You have requested our opinion as to the propriety of Parish Assessor extending the benefits of the homestead exemption as provided in Article 10, Section 4 of the Constitution to a residence which has been placed in a revocable inter vivos trust. For the reasons more fully set forth below, it is our opinion that the property described is not eligible for the exemption.

LSA-R.S. 9:1731 defines a trust as follows:

"A trust as the term is used in this Code is the relationship resulting from the transfer of title to property to a person to be administered by him as a fiduciary for the benefit of another." (Emphasis added)

LSA-R.S. 9:1781 provides:

"A trustee is a person to whom title to the trust property is transferred to be administered by him as a fiduciary."

LSA-R.S. 9:1801 provides:

"A beneficiary is a person for whose benefit the trust is created and may be a natural person, corporation, partnership, or other legal entity having a capacity to receive property. Heirs, legatees and assignees of a designated beneficiary are not considered beneficiaries for the purpose of fixing the maximum allowable term of the trust."

LSA Constitution, Article 10, Section 4 provides in part:

"The following property, and no other, shall be exempt from taxation . . . The homestead, bona fide, interpreted herein as consisting of a tract of land, . . . not exceeding one hundred and sixty acres, buildings and appurtenances, whether rural or urban, owned and occupied by every head of a family, or person having a mother or father, or a person or persons dependent on him or her for support, to the value of Two Thousand Dollars . . . of the assessed valuation; . . . the exemption of homesteads shall extend to the surviving spouse, or minor child or children, of a deceased owner and to the bona fide homestead when occupied as such and title thereto is in either husband or wife, provided that the exemption shall not be extended to more than one homestead owned by the husband or wife." (Emphasis supplied).

From the foregoing, it appears that the entire scheme of the homestead exemption is designed to provide relief to the head of family or his surviving spouse and minor children, who has legal title to the property which he occupies as a homestead. In view of the very nature of the trust device, the legal title to the property is in fact transferred to the designated trustee for purposes of administration. Thus, it would appear obvious that no exemption is warranted for property in trust, the revocability of it notwithstanding.
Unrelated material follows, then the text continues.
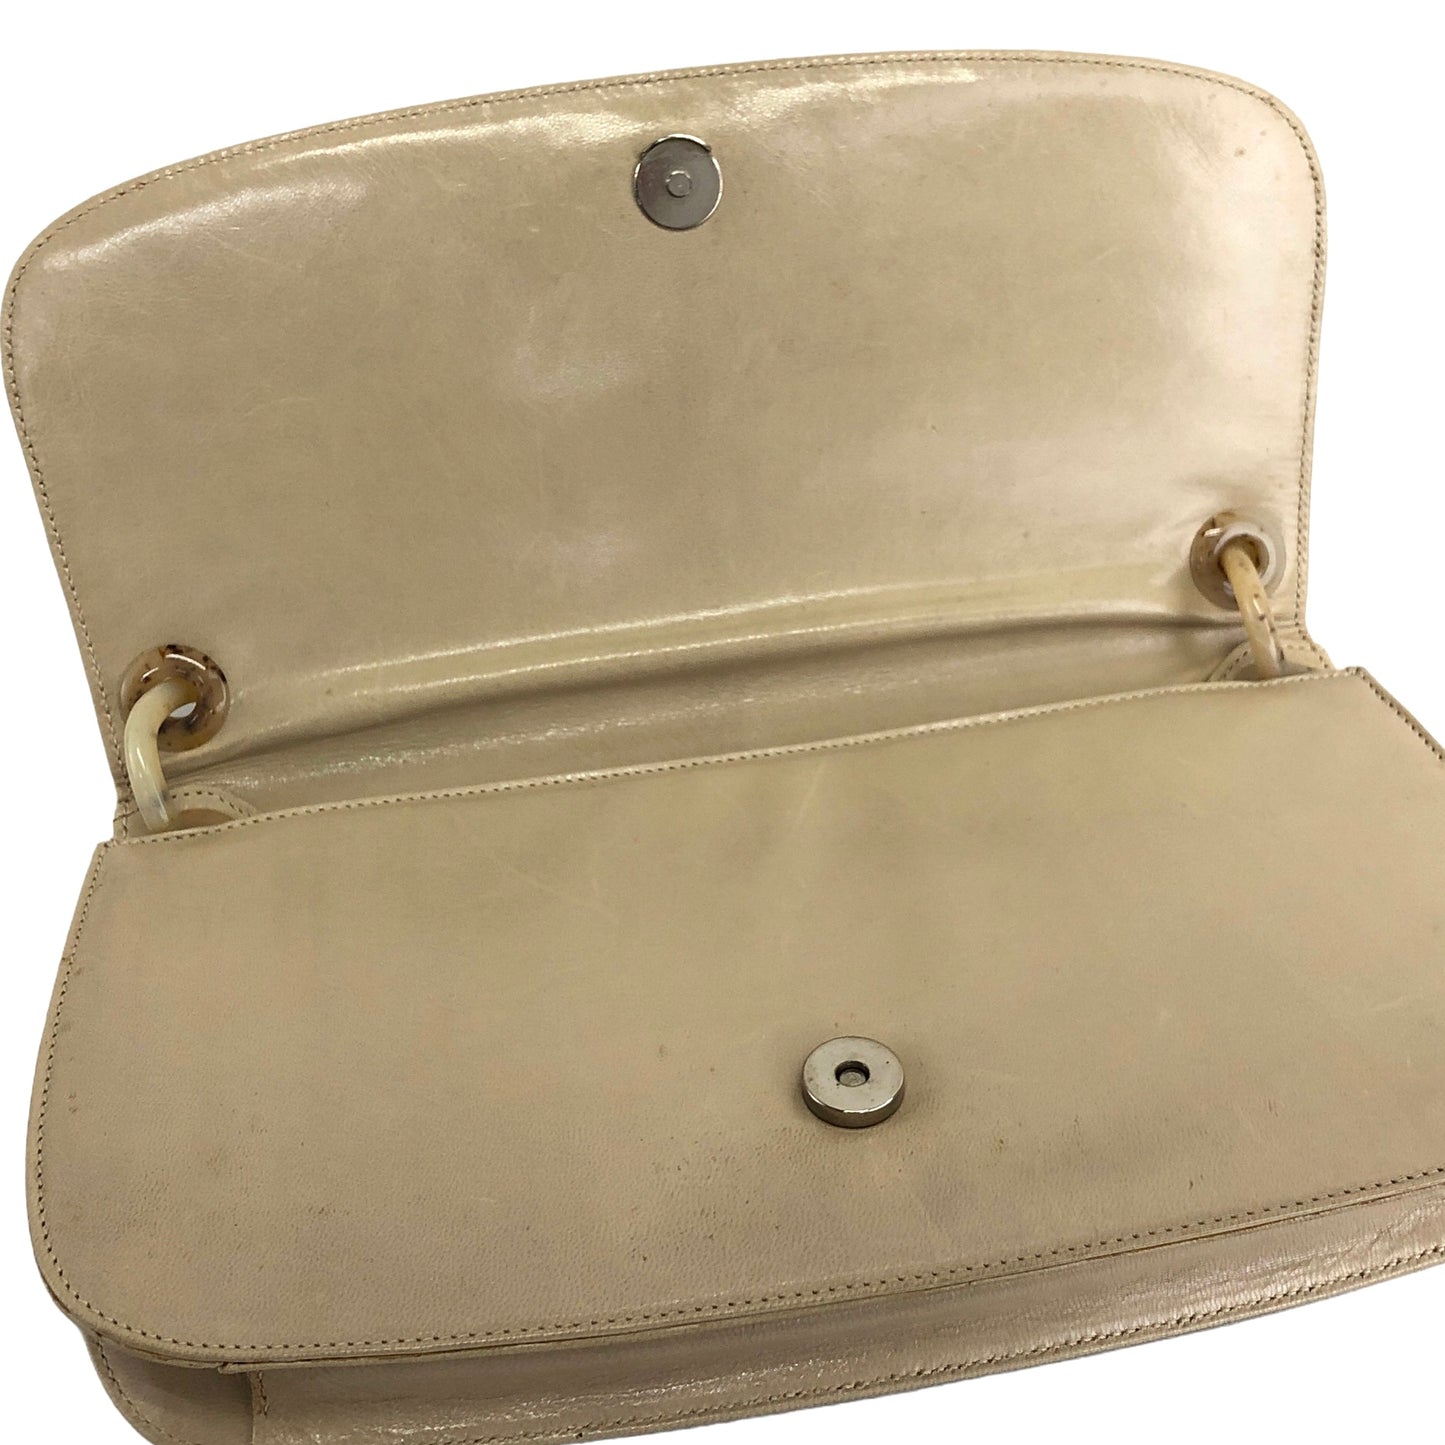 PRADA Leather Hobo bag Shoulder bag Handbag  Cream Vintage Old iw335a

However, if the settlor of the trust is also one of the trustees or he or his wife is the principal beneficiary of the trust then, and in that event, it is felt that the property would be eligible for the exemption as the beneficial interest in the property has been retained by the settlor, either in his capacity as trustee or beneficiary. If he has designated his wife as the sole principal beneficiary and a stranger is the trustee, then it would appear the property would be eligible for only the wife's one-half community interest in the exemption.

You did not indicate the details of the trust instrument in question as to whether the settlor served in the capacity of either trustee or beneficiary. We are thus unable to comment affirmatively on your particular case; however, we trust that the observations above would assist you in a resolution of the question.